__Data for processing__:
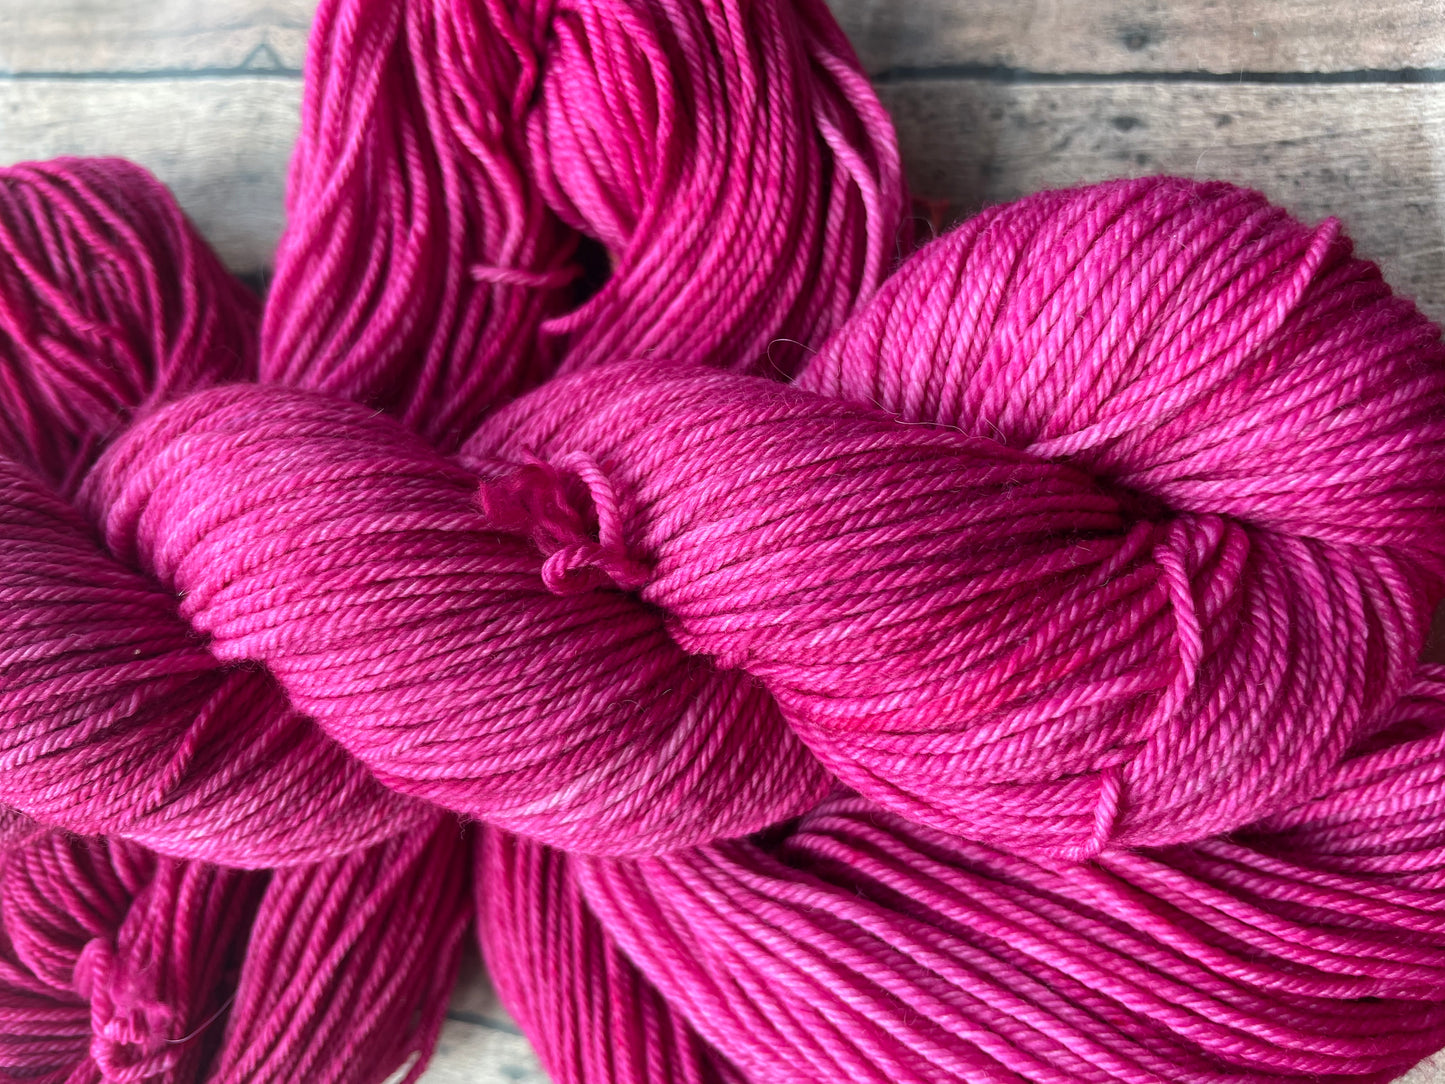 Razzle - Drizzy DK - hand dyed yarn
==
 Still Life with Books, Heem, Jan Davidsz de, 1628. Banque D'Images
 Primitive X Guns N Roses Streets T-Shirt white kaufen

__Work item__:
What you give back must be the stretch above, starting at the line with "Still Life with" and ending at the line with "Primitive X Guns", copied exactly.

__Answer below__:
 Still Life with Books, Heem, Jan Davidsz de, 1628. Banque D'Images
 Primitive X Guns N Roses Streets T-Shirt white kaufen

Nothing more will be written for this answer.